Today I explored what salt means to me personally and also universally.

For me it makes me think of the death of my grandfather in 1977, (he ate a lot of salt on his food, he died shortly after Elvis and my brother's birth.) Its also a material that preserves life ( and the extreme variant- the preserved Mann in Salz in the Salt Mine museum in Hallein.) This piece I created was videoed but only recorded half of it, doh!

Here's photo of me and my grand-parents at the seaside. Maybe Hastings, Littlehampton? This choice of map as the table cloth.

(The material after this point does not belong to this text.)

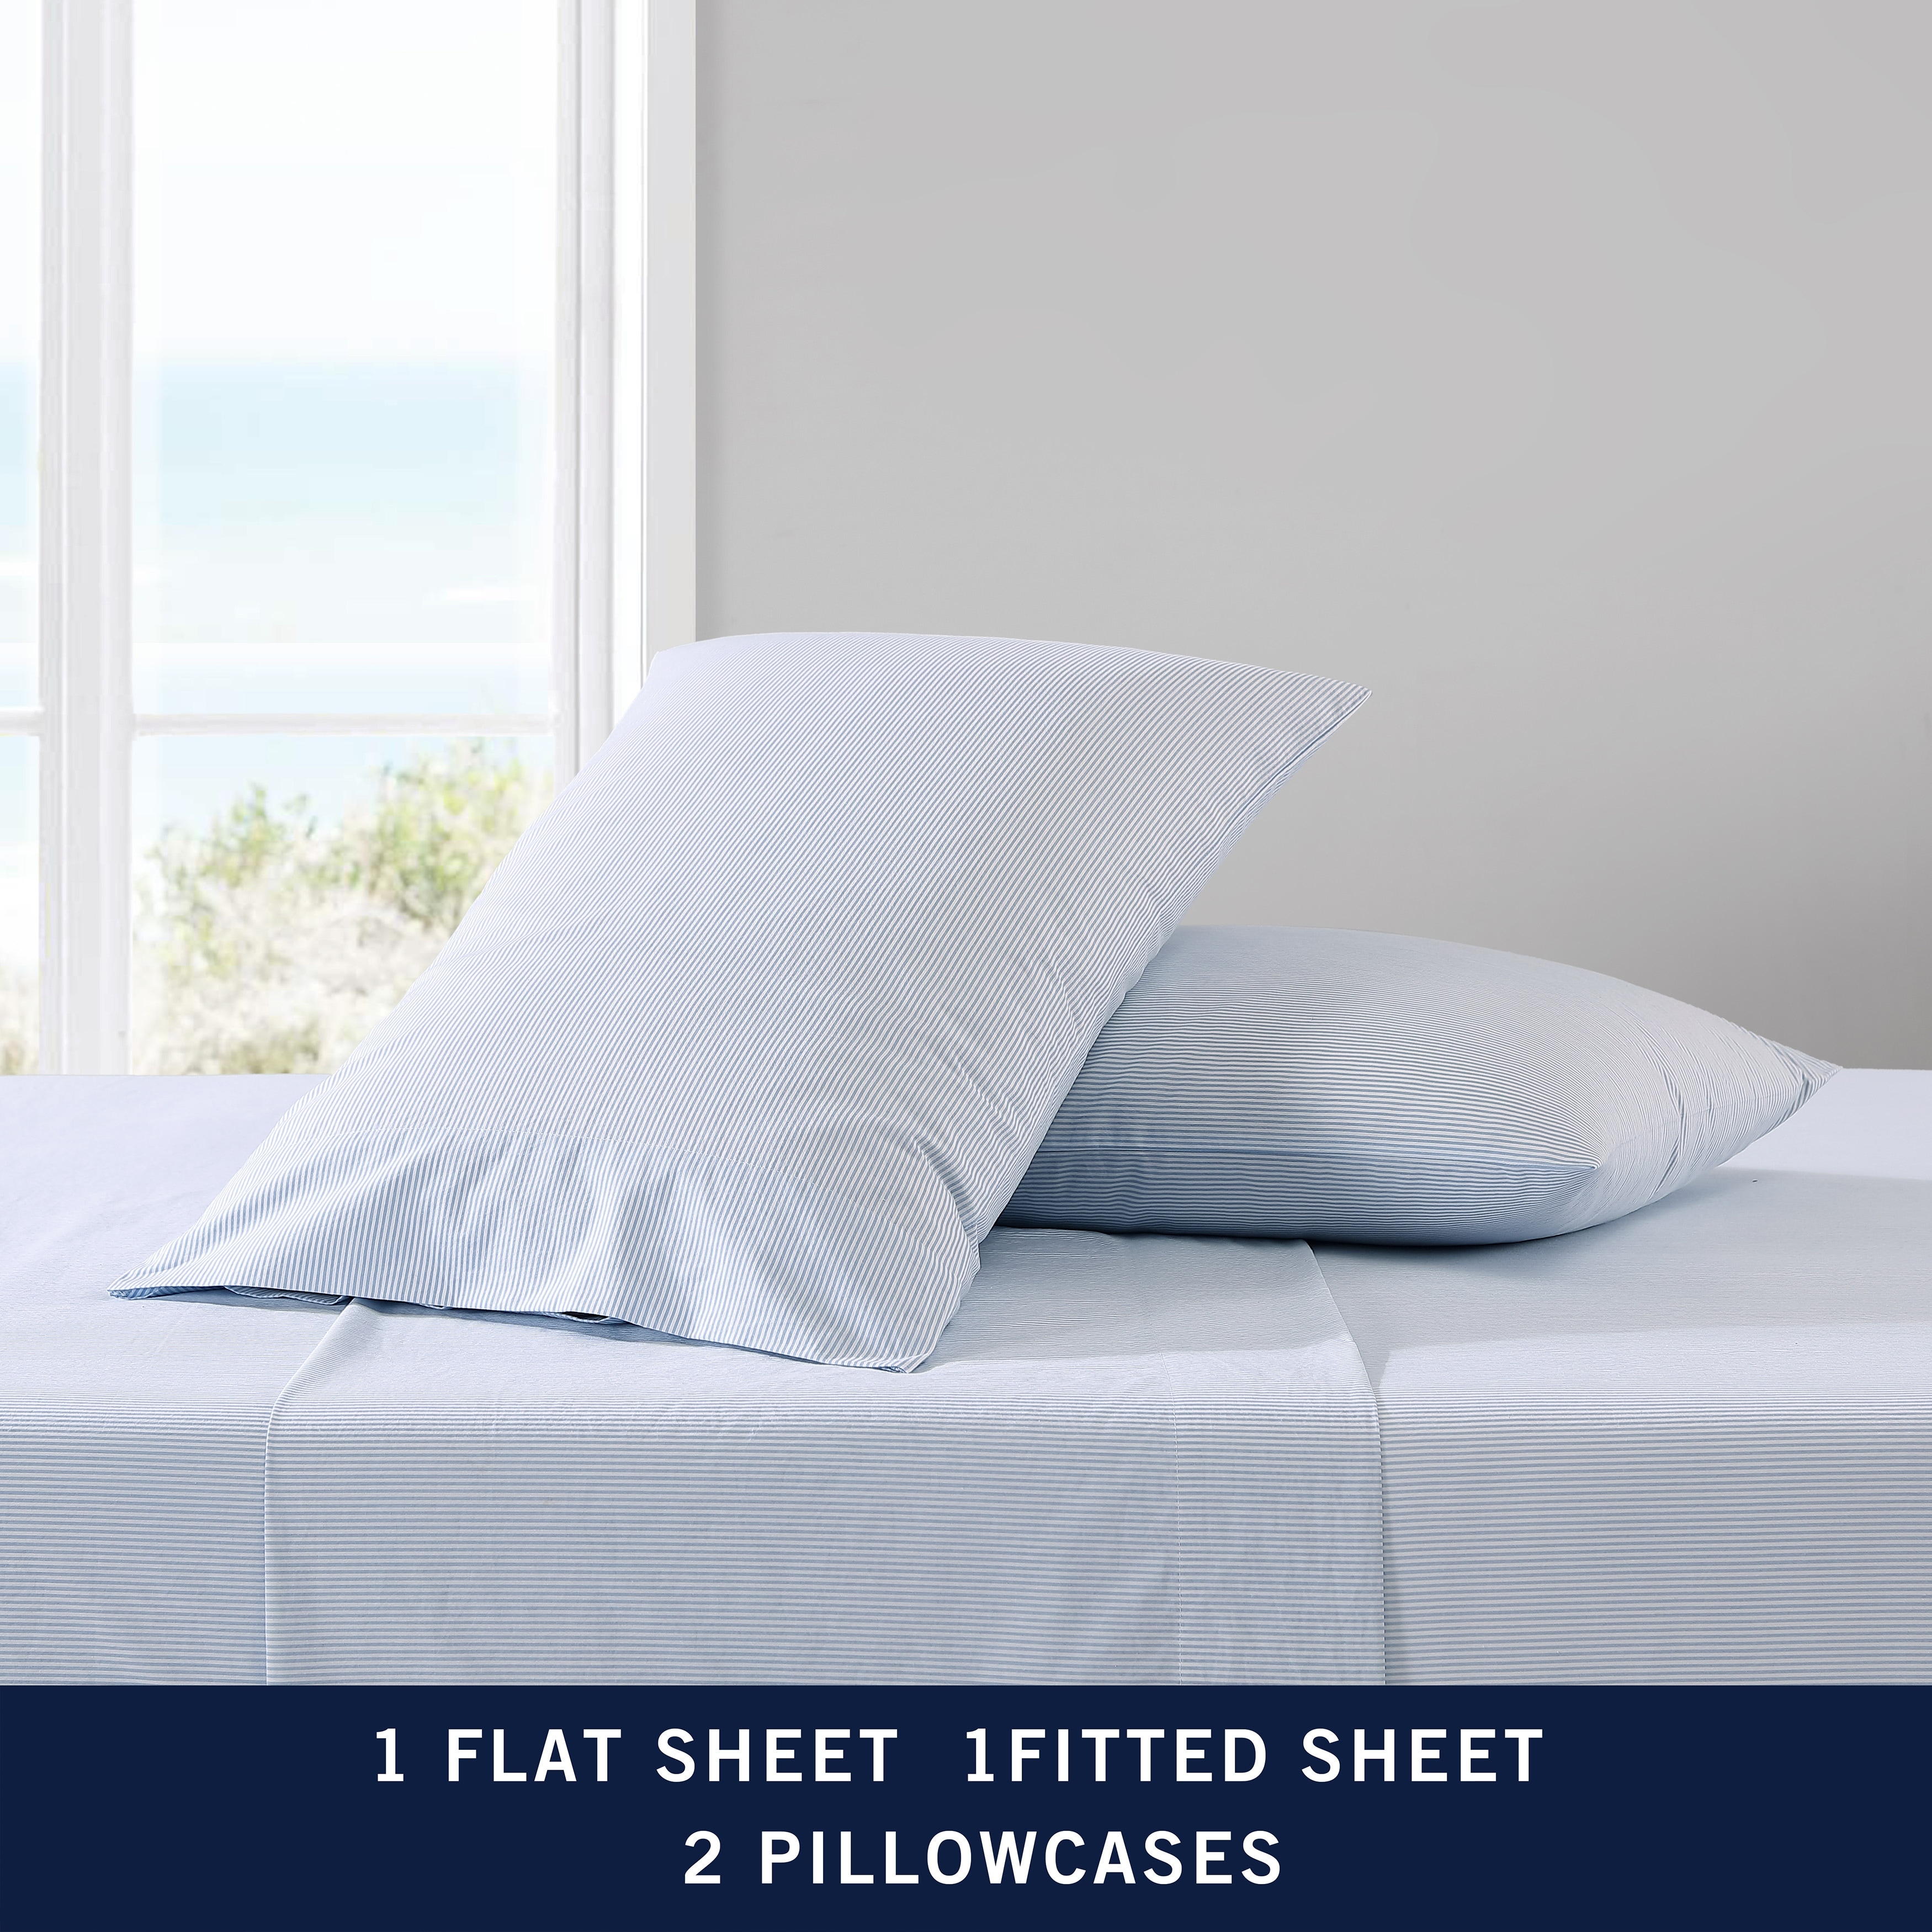 Nautica Belle Haven 6-Piece Towel Set in Moorings Grey (As Is Item) - Bed  Bath & Beyond - 26267008

Taken in approx 1976-1977

Here's the Mann in Salz from here


I'm keen to think about the relationship between the two- the universality of life and death, to make the work more fluxus related. I see this as a piece of process, not a product, something to simplify/generate into a fluxus piece. Initally after doing this piece and looking at the photos I felt frustrated in myself, i felt back in the shed of my MA work, i enjoyed the physicality of object, sound, narrative like in shed, but i felt back in the place of rehearsal and spectacle, i missed the participatory audience and also wanted to be feeling and responding to the moment which has shaped my post-MA practice.

I think in fact, I'm getting mixed up with the relationship between score and rehearsal. How much is left to chance, how prescriptive versus how spontaneous?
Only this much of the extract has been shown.